Recently I had two excellent opportunities to explore West Campus housing. One came as an invitation to learn more about the Neill-Cochran House at 2310 San Gabriel Street. The other came as an invitation to explore student housing options for the daughter of my high school friend Sean. Jocelyn, upon receiving a tour of Austin by yours truly, decided to transfer here. So yeah, that’s right– the same one complaining about too many newcomers rallied to get another person to move here. Can’t help it. Despite all the griping, I still have my Austin pride. 

Now you might wonder how in the hell I am going to relate brand spanking new, wildly overpriced private student housing with an historic mansion that was erected in 1855. My secret weapon is A.P. Perry. She is the business and projects manager for NCH. Among other things, the house, which is also a museum, hosts weddings. In my other life, when I’m not bitching about housing, I joyfully perform weddings. That was my first introduction to the place last fall. A.P. and I agreed to put our heads together to see about getting more folks to consider the location for their nups. 

Well our first meeting immediately veered toward the history of the place– I am a total hog for Austin history– and I was so impressed I immediately made a date to return with Noska, my favorite historian. Noska was the one who explained to me some time ago that if you want to really blame someone for the traffic problem in Austin, you should go back and point the finger at the dude who started the pre-bridge ferry across Town Lake. 

Noska and I sat and were joyfully schooled by A.P. who explained the story of NCH, which was built in 1855, began in 1839 when Austin was founded on the then edge of the Anglo-American Texas frontier to encourage folks to move further west. Eventually the capital moved away and then back again, and if you want to know more about that I suggest making an appointment with Noska at Southside Tattoo and getting some ink while he spells it out for you. 

For now let’s talk about Abner Cook, who moved to Austin in 1839, when he was but a 25 year old pup. Entrepreneurial and cunning, Abner built up some businesses quick, including a mill in Bastrop. Though not officially an architect, he was a supplier, contractor, and master builder. He had a monopoly on brick and masonry supplies. He was commissioned to build a lot of buildings that are now famous landmarks, like the governor’s mansion.

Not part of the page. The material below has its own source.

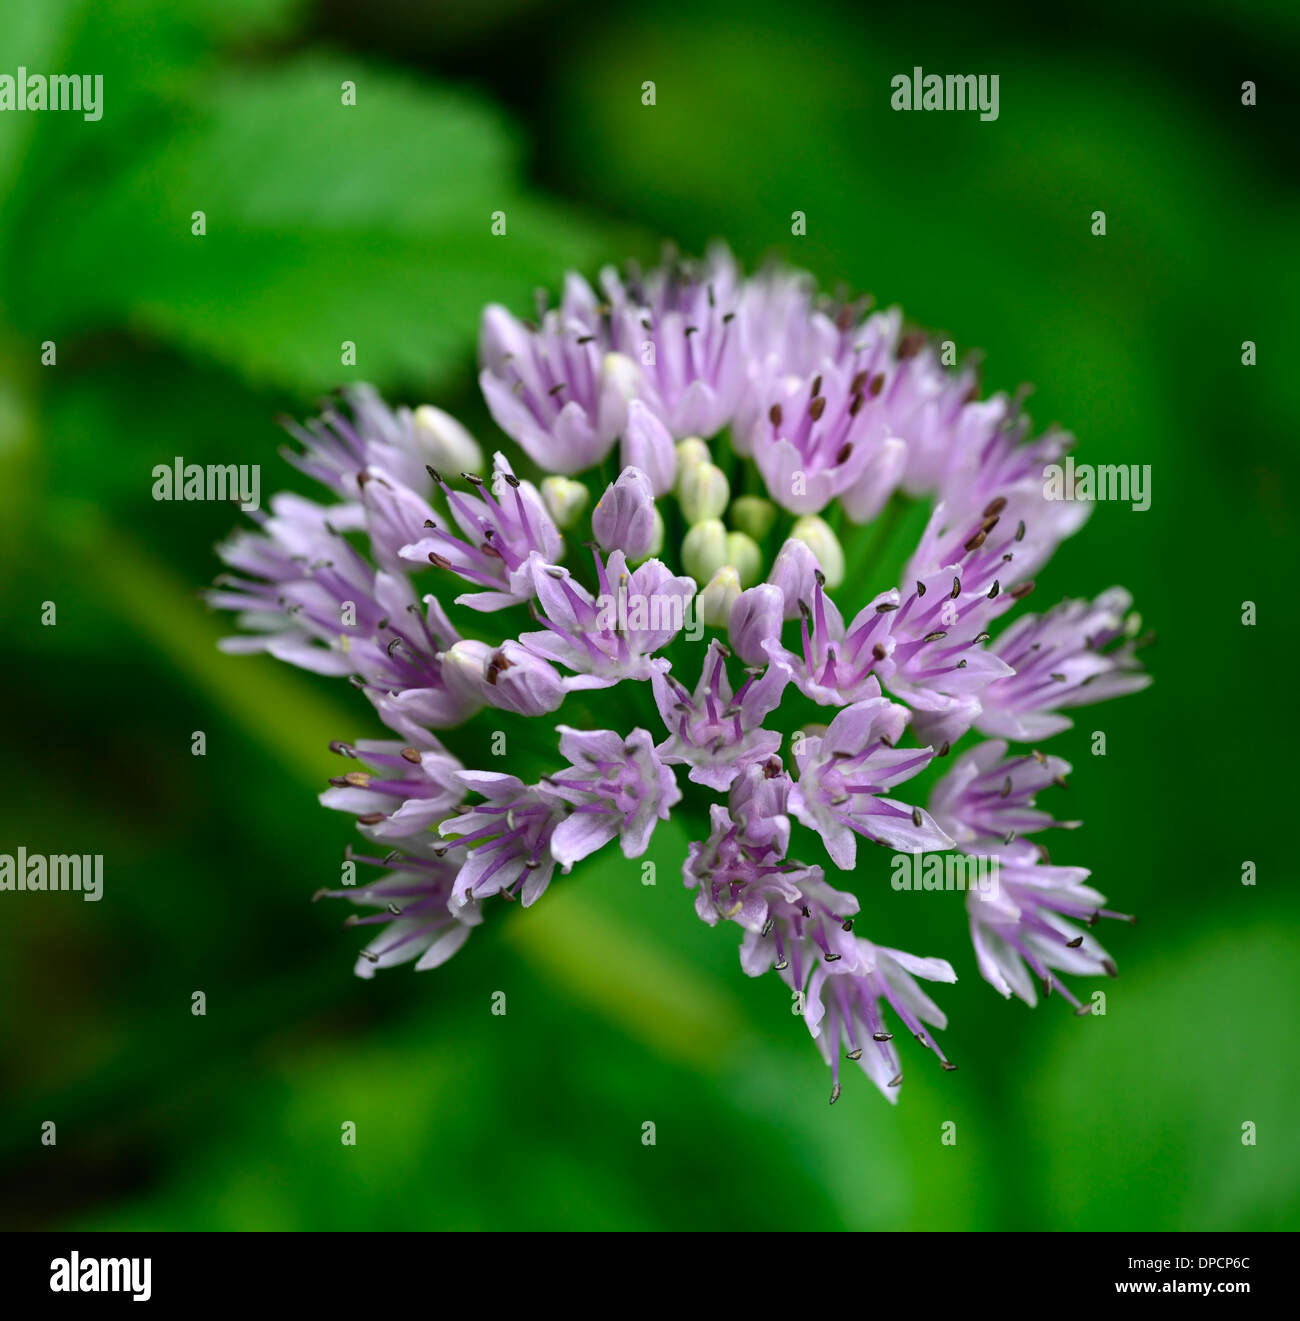 Allium Nutans Blue Chives July Summer Plant Portraits Pale Pink

Enter Washington and Mary Hill. Wash was a 28 year old with big aspirations. He brought Abner in to build a house but his eyes were bigger than his plate, or something like that. Which is to say he couldn’t really afford to build his dream home. So he cut some corners. Namely he used rubble limestone– the bumpy stuff– and, sad to say it but it’s true: slave labor. Aside: of the 3400 people listed as living in Austin according to the 1860 census, 900 of them were slaves. So, you know, it wasn’t always an outpost of liberalism here. 

Despite taking first one mortgage and then another, and then selling his slaves for $2000 to further finance the house, Wash tanked, his decision to sell fueled not only by lack of funds but Mary’s fear of the Apaches. He sold the place to Swisher & Swenson (again, make an appointment with Noska if you want to know more about those early Austin fat cats). They both sat on the board for the Texas Asylum for the Blind and they leased the place to the asylum as its first brick-and-mortar location.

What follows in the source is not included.